In addition to the aforementioned pathways, additional evidence to explain blindsight comes from fMRI studies that have demonstrated activation of extrastriate areas that are capable of detection, analysis, and recognition in forced-choice tasks involving non-consciously perceived stimuli in the blind visual field of hemianopic patients (Goebel et al., 2001). Current research on the neuroanatomic basis of blindsight is principally concerned with understanding the links among lesion location, lesion side, and conscious and non-conscious perception in the entire visual field in experimental or daily life settings (Cowey, 2010).

Less-Studied Consequences of Unilateral Occipital Lesions

Ipsilesional Deficit in Hemianopic Patients: Sightblindness

Several studies proposed that the ipsilesional visual field (IVF) might not be completely healthy in hemianopic patients. Indeed, Hess and Pointer (1989) proposed that spatial and temporal sensitivities in the IVF of hemianopic patients were lower than in control subjects. In the same vein, Clatworthy et al. (2013) showed that hemianopic patients present visual contrast sensitivity deficits in their IVF. Similarly, Rizzo and Robin (1996), and Poggel et al. (2011), suggested that hemianopic patients can exhibit lower sensitivity to signals, compromised processing of temporal information and longer reaction times in both hemifields, as compared to control participants. Regarding visual detection and analysis, Paramei and Sabel (2008) reported that these patients exhibited diminished abilities to detect fragmented targets among a noisy background in the IVF, whereas Schadow et al. (2009) found deficits in the early and late visual processing of Gestalt patterns in the IVF. More recently, Bola et al. (2013b) confirmed these findings and reported processing-speed deficits in a simple detection task in the IVF. The authors termed this phenomenon sightblindness, as the reverse situation of blindsight (Bola et al., 2013a): the former refers to visuo-attentional deficits in the IVF, whereas the latter refers to residual (although implicit) visual abilities in the contralesional visual field (CVF) that are highlighted in forced-choice tasks (e.g., Weiskrantz et al., 1974). Conversely to the case of blindsight, which has been extensively studied in hemianopia patients, vision quality in the central visual field and in the IVF of these patients has scarcely been assessed, and moreover, it has traditionally been assumed to remain intact. However, as recently proposed, neither the central visual field (Cavézian et al., 2010; Perez et al., 2013), nor the IVF of hemianopic patients (Bola et al., 2013a,b, Clatworthy et al., 2013; Cavézian et al., 2015) actually appear to be fully intact or functional. Moreover, as we recently proposed, and as discussed below, the nature of the task, the type of stimulus and the side of the occipital lesion might determine the central and ipsilesional visual deficit in hemianopic patients (Cavézian et al., 2010, 2015; Perez et al., 2013). These asymmetries confirm and extend previous findings from visual scene analyses in healthy subjects.

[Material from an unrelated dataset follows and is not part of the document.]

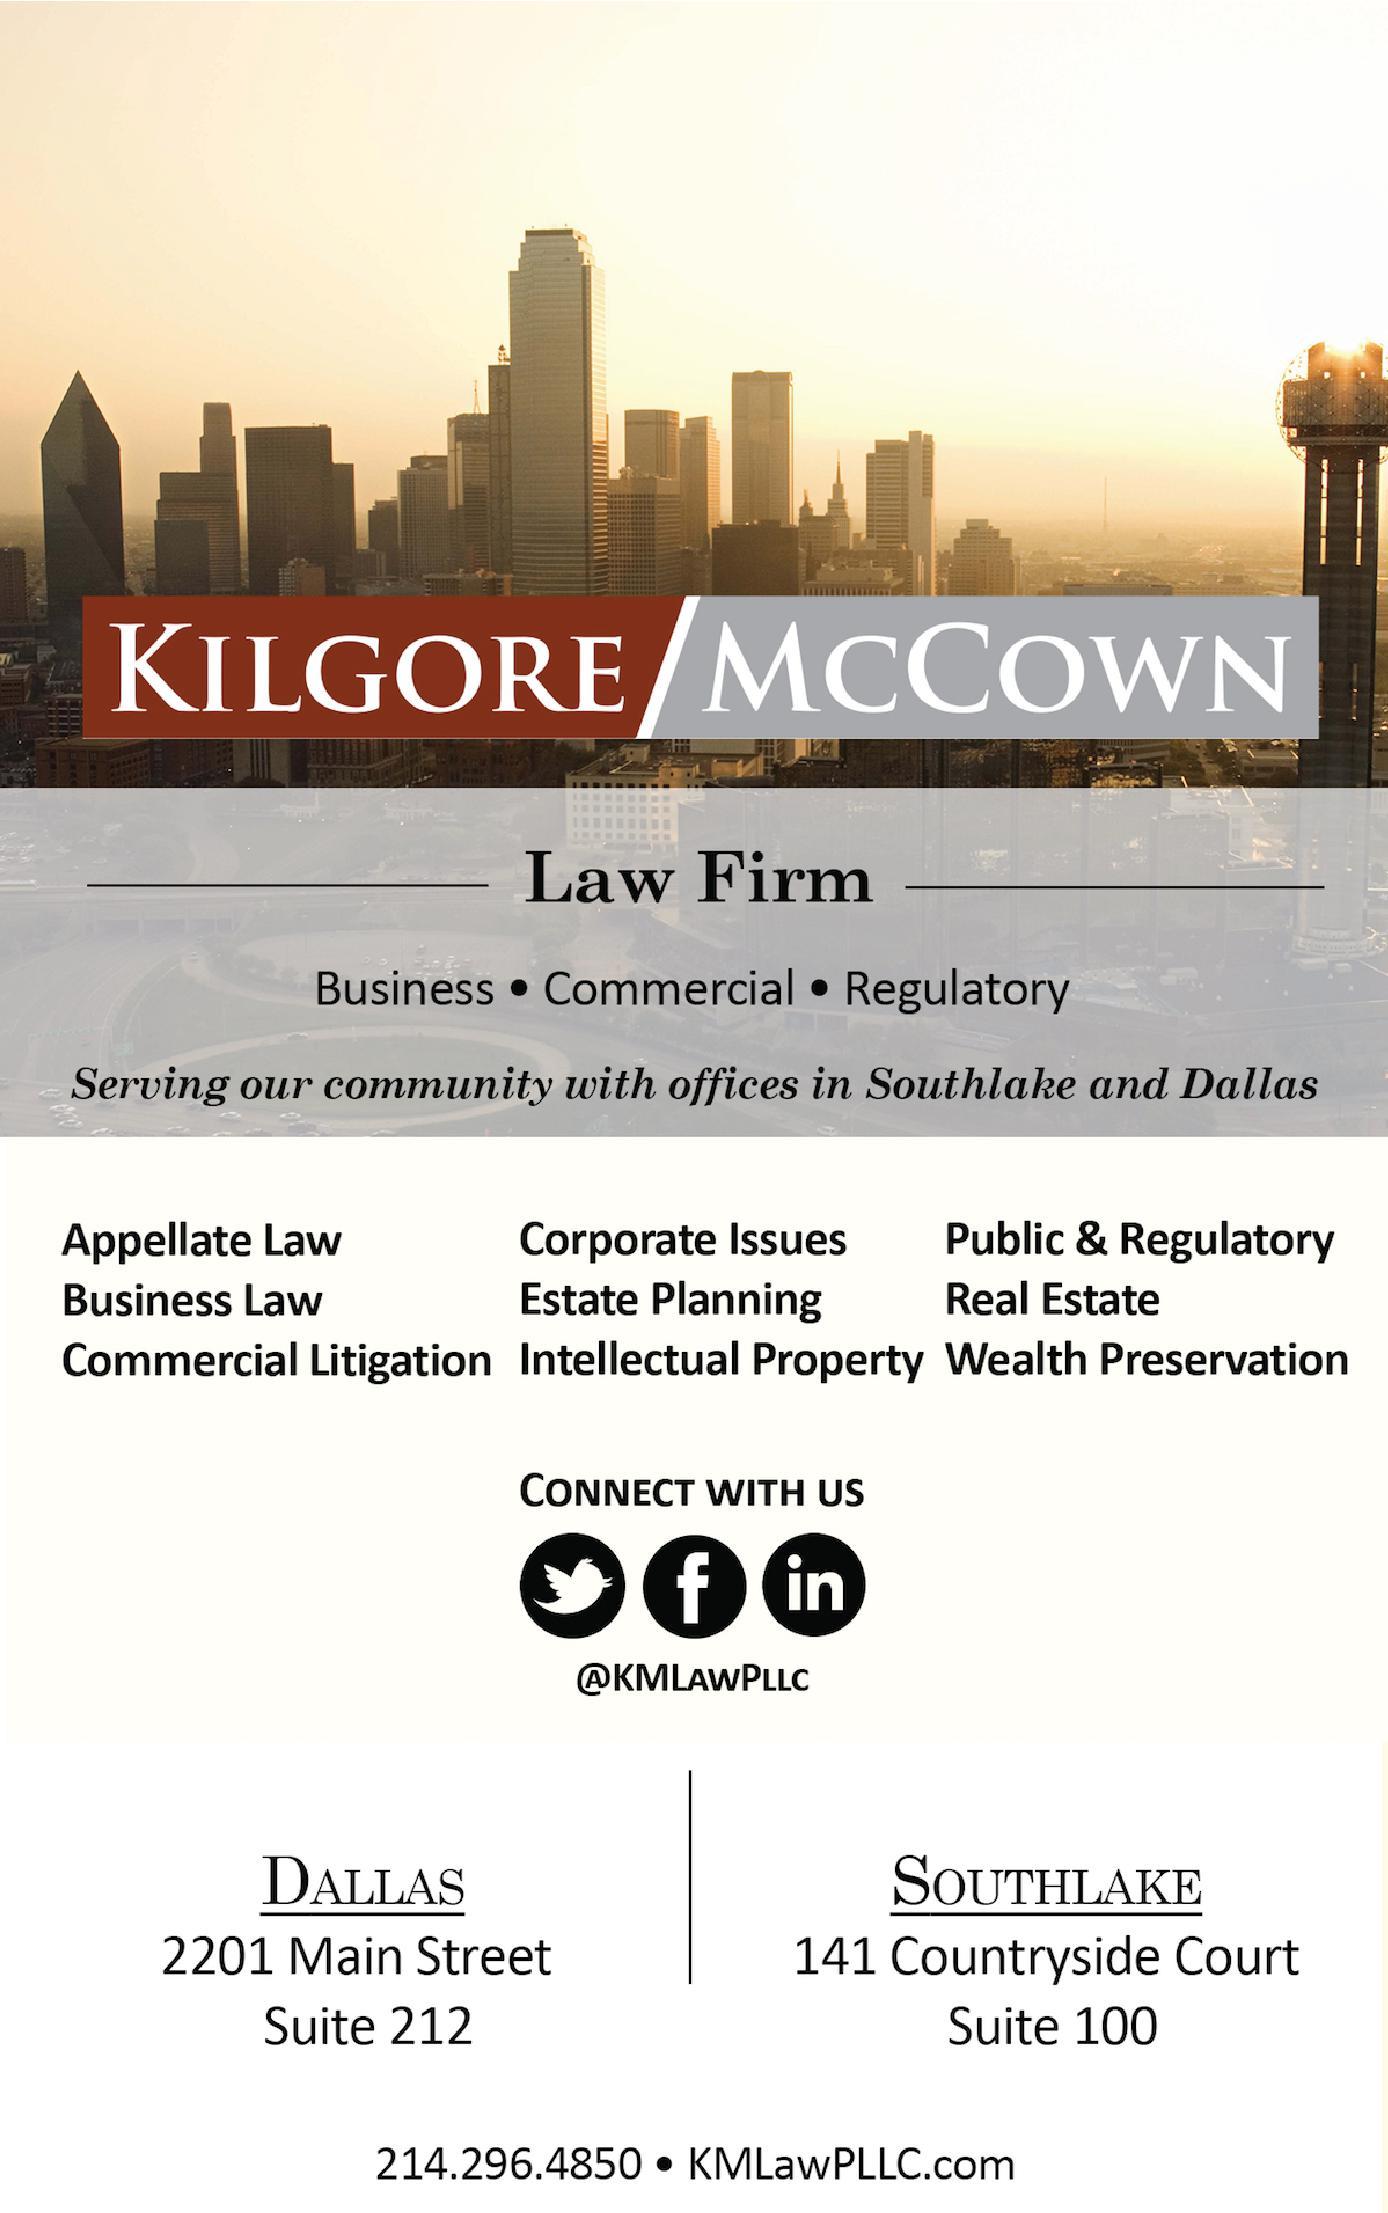 Kilgore/McCown Law Firm

Effect of Lesion Side on Sightblindness in Hemianopic Patients

In an fMRI study of the cortical networks underlying execution of a scene detection task (i.e., “Is there a scene on the screen?”) and a scene categorization task (i.e., “Is it a scene of a highway or a city?”) in healthy participants, we observed specific activation of the right inferior occipital cortex for the former task, and of the left middle occipital cortex for the latter task (Perez et al., 2013). These cerebral asymmetries confirmed previous neuroimaging studies that demonstrated that processing of global and local information at the occipital level involves hemispheric specialization (e.g., Fink et al., 1996; Chokron et al., 2000; Han et al., 2002; Iidaka et al., 2004; Peyrin et al., 2004; Musel et al., 2013; for a review, see Kauffmann et al., 2014). For instance, Peyrin et al. (2004) reported task-dependent hemispheric specialization in an fMRI study of healthy participants. When the subjects were asked to recognize scenes in which global forms remained visible but details were canceled out by low-pass filtering, the authors observed greater activation in the right occipital cortex. However, when the subjects had to recognize scenes in which local information and details remained visible but global form perception was attenuated by high-pass filtering, the authors found greater activation in the left occipital cortex. In line with such hemispheric specialization, a detection task can preferentially act as a basic visuospatial task requiring global information processing for which the right occipital cortex is specialized, whereas a categorization task (e.g., between highway and city scenes) can require a more local and detailed processing for identifying details (e.g., a car on the road) and thus, preferentially recruit the left occipital cortex.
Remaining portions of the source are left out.